----- Dataset excerpt -----

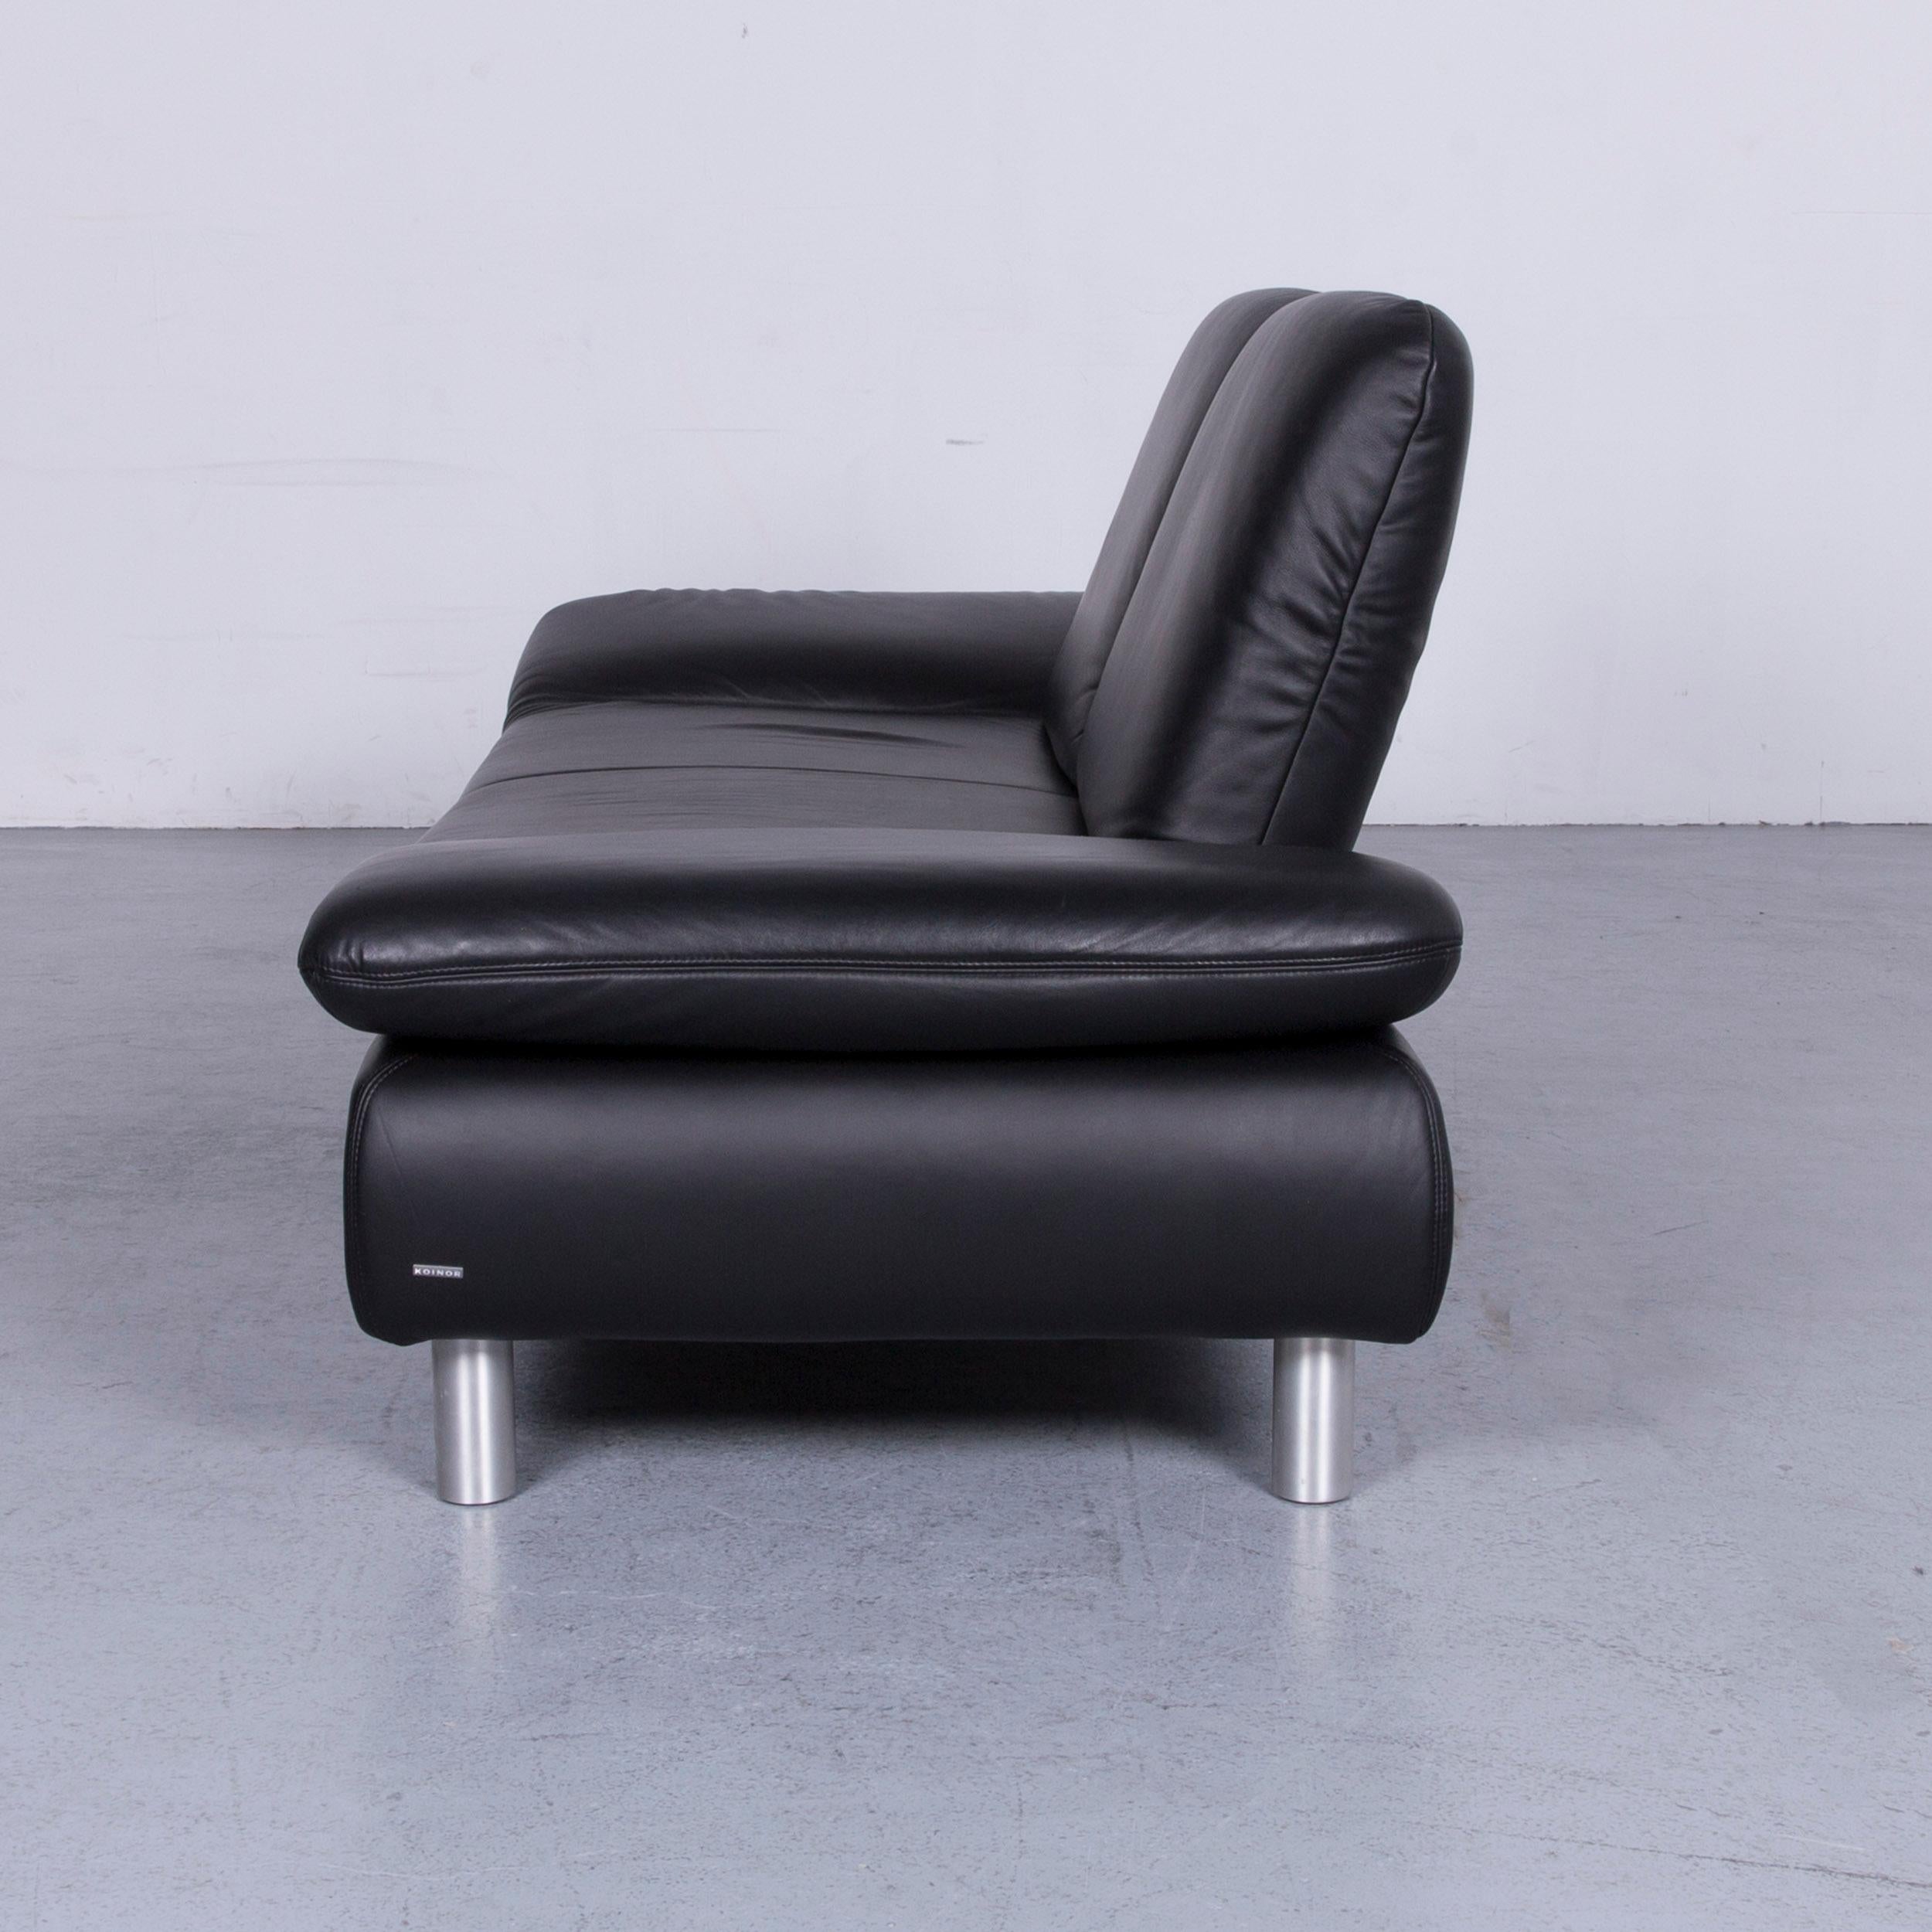 Koinor Rivoli Designer Leather Three-Seat Sofa in Black with Functions 5
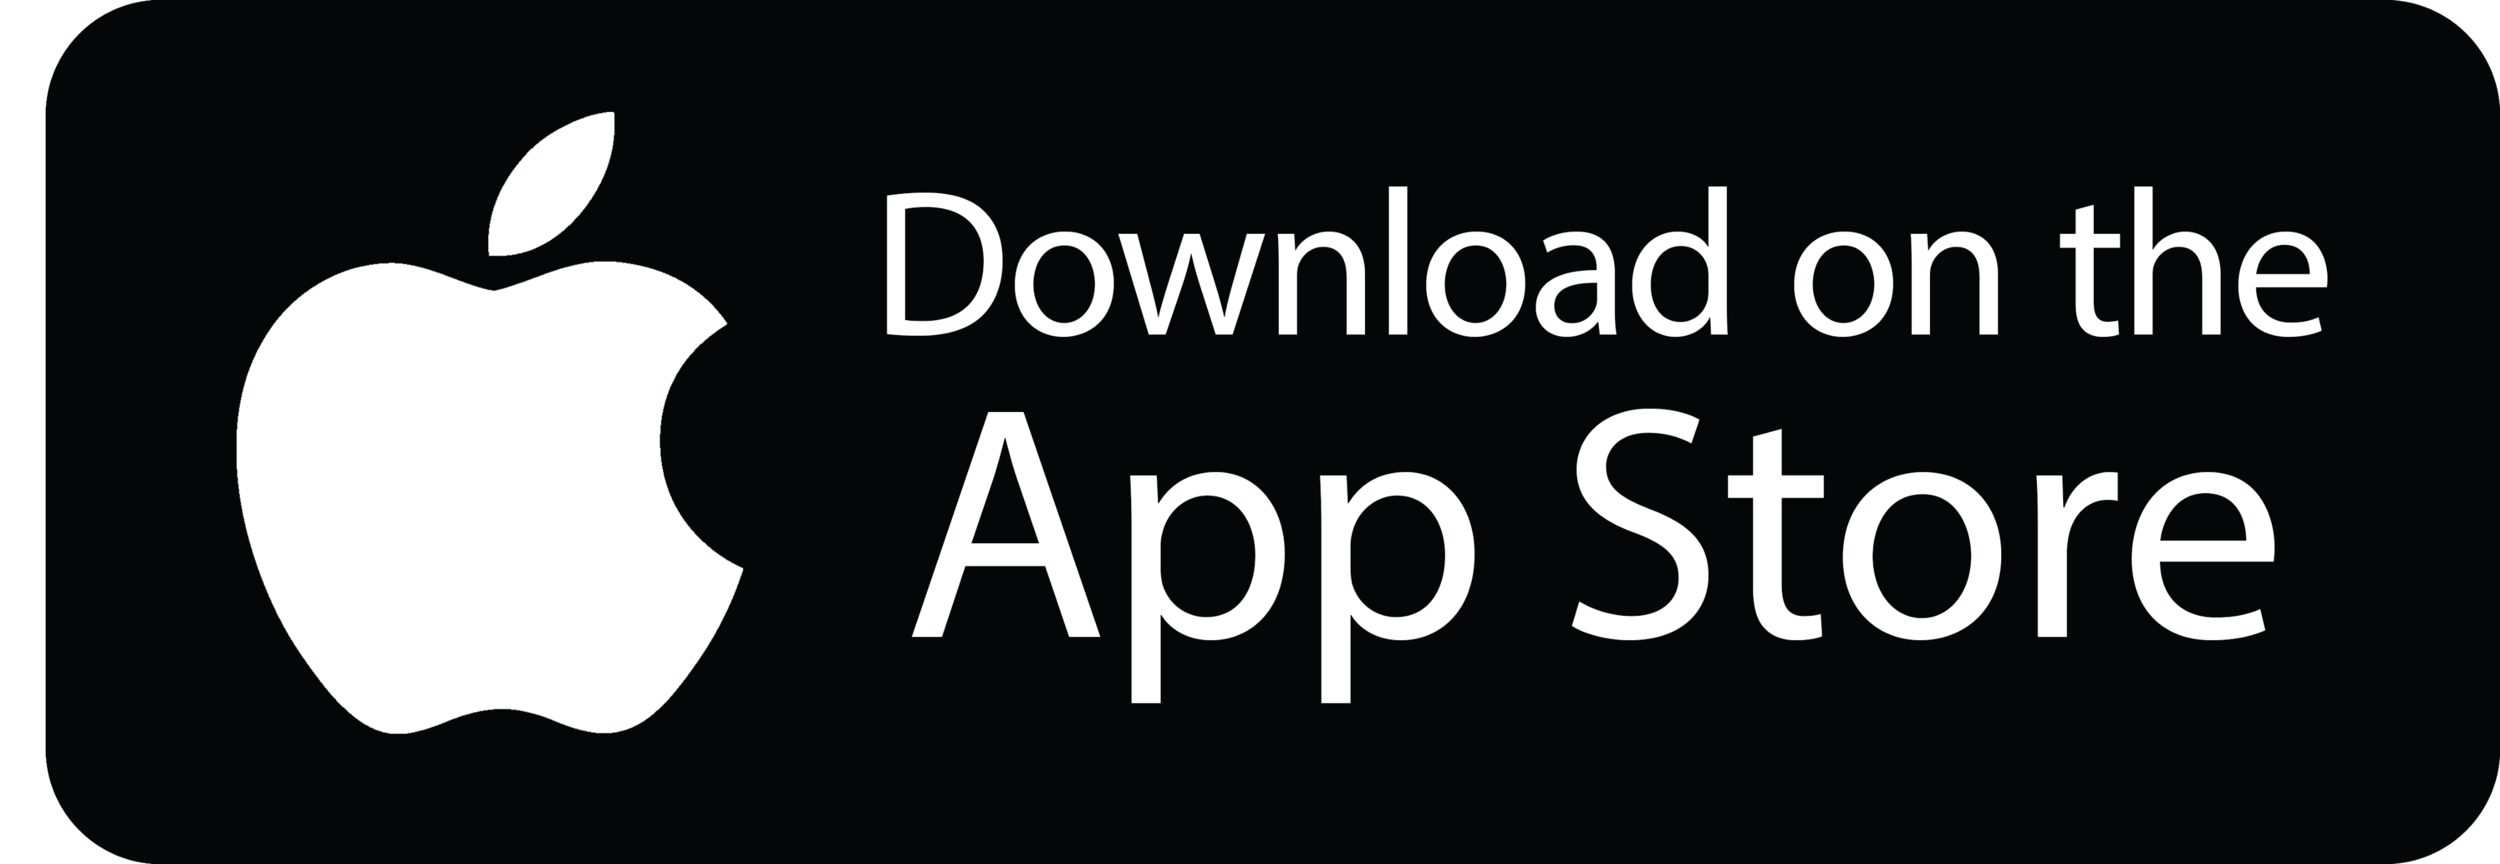 Wrumer on the App Store
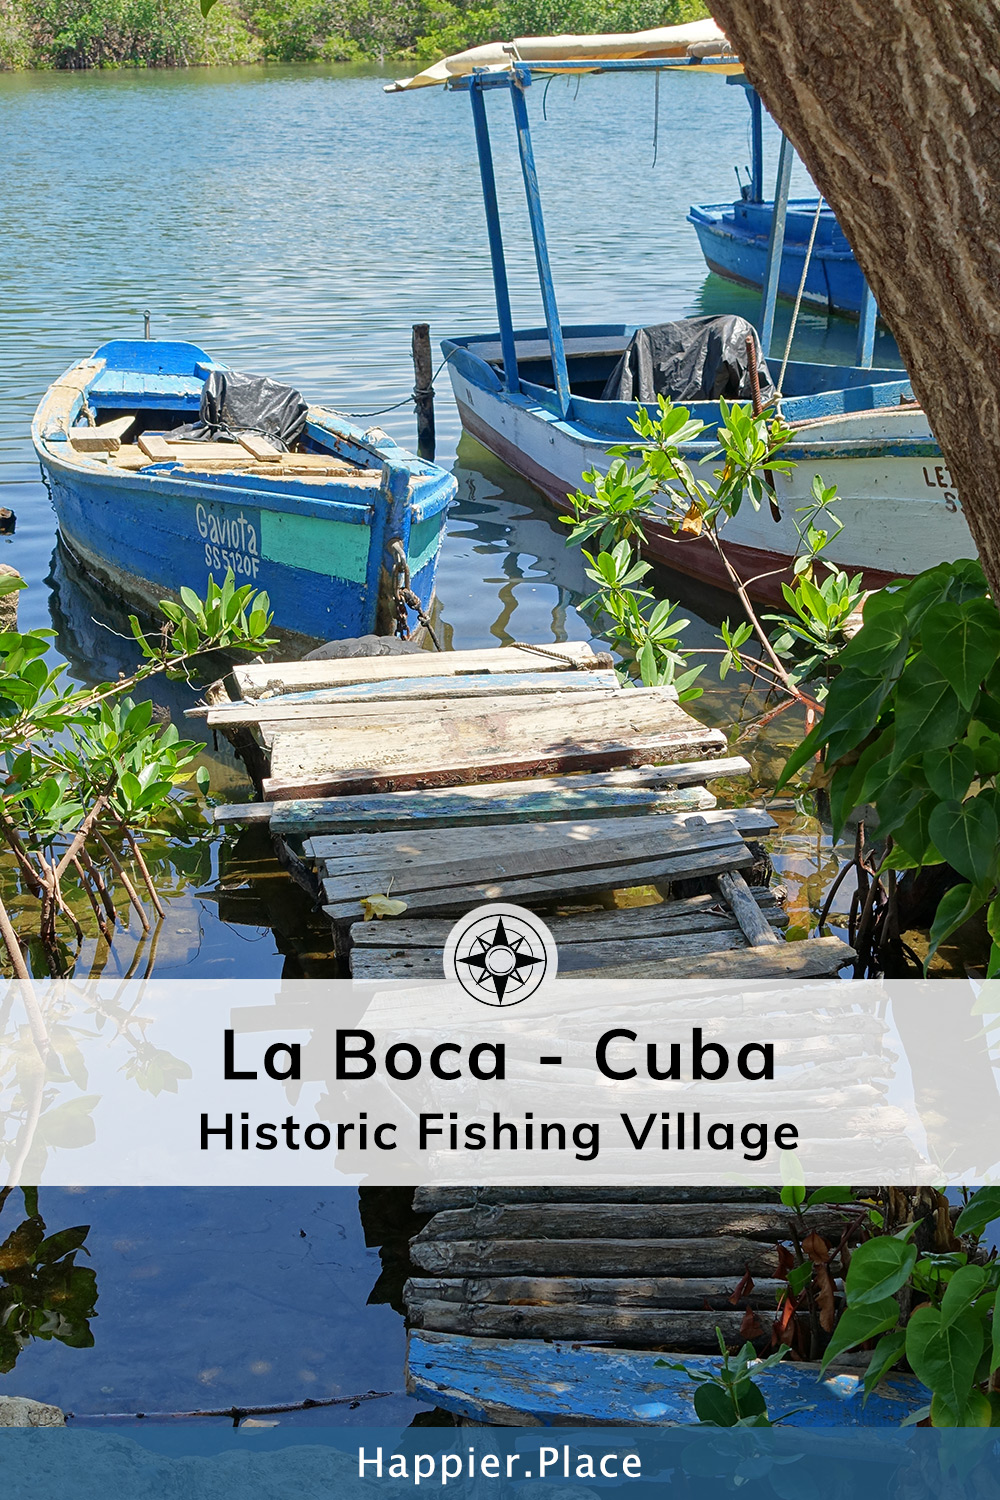 Small village fishing boat harbor in Caribbean Seaside Village La Boca, Cuba.
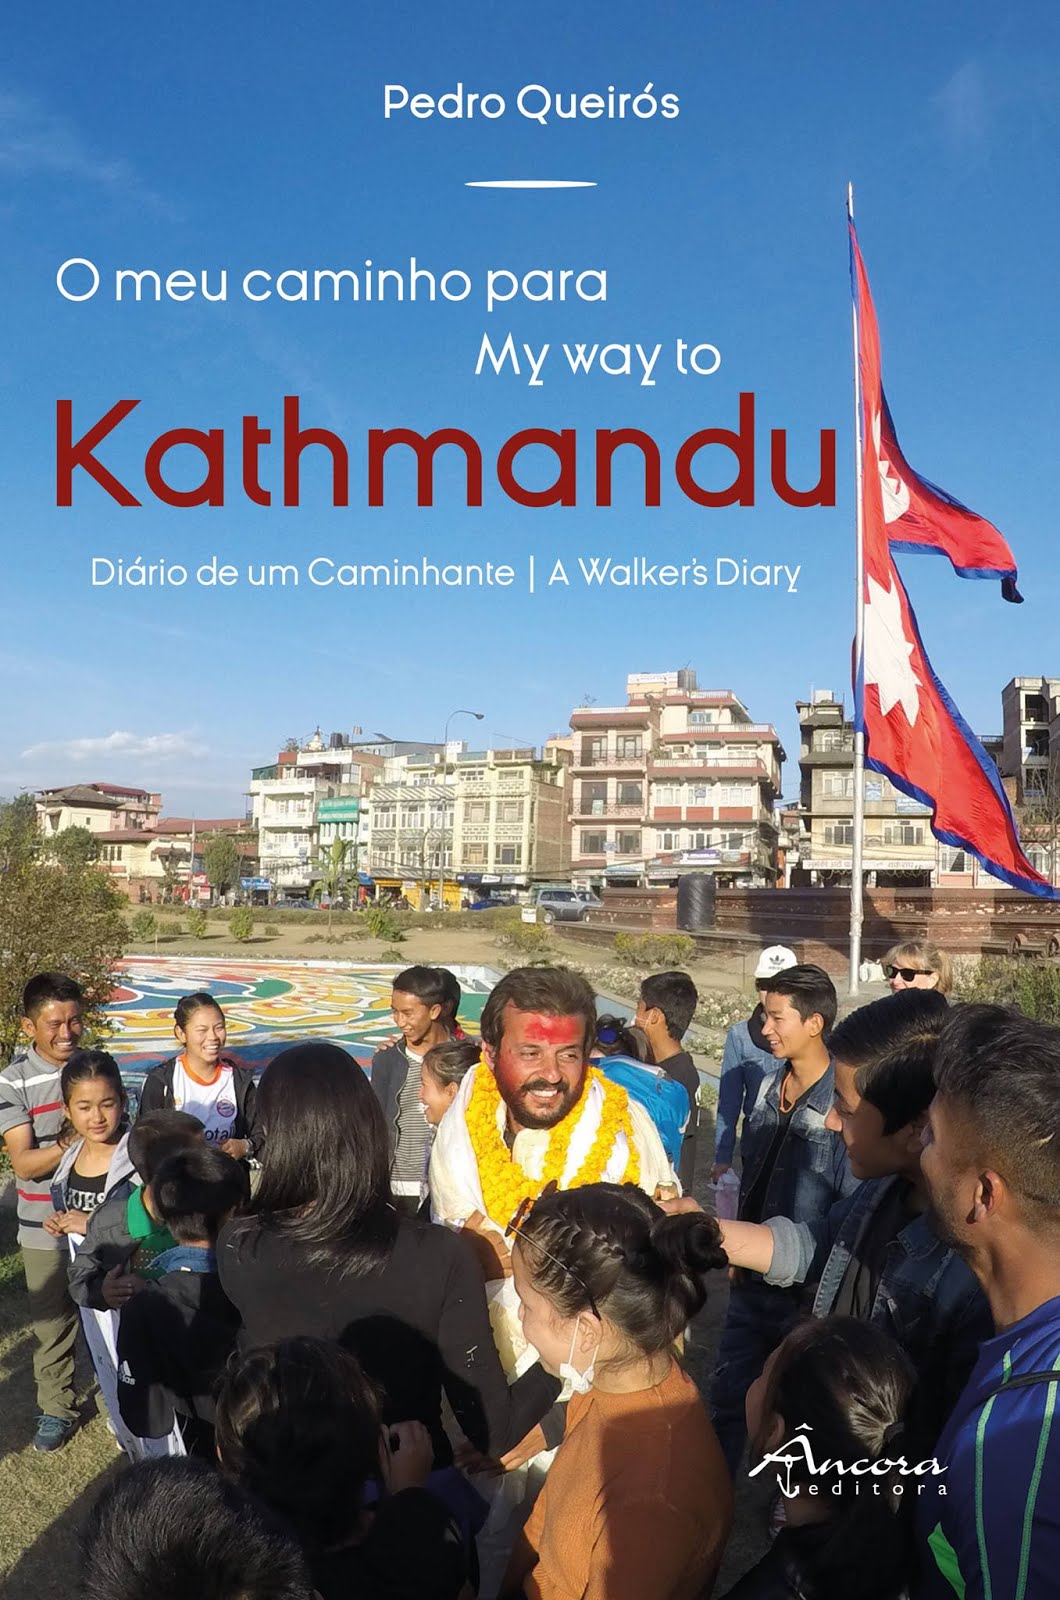 BOOK "MY WAY TO KATHMANDU"

-----

• **Problem details**
What you produce should repeat the data word for word while omitting all images.

• **Written answer**
 Koinor Rivoli Designer Leather Three-Seat Sofa in Black with Functions 5
 Wrumer on the App Store
 Small village fishing boat harbor in Caribbean Seaside Village La Boca, Cuba.
 BOOK "MY WAY TO KATHMANDU"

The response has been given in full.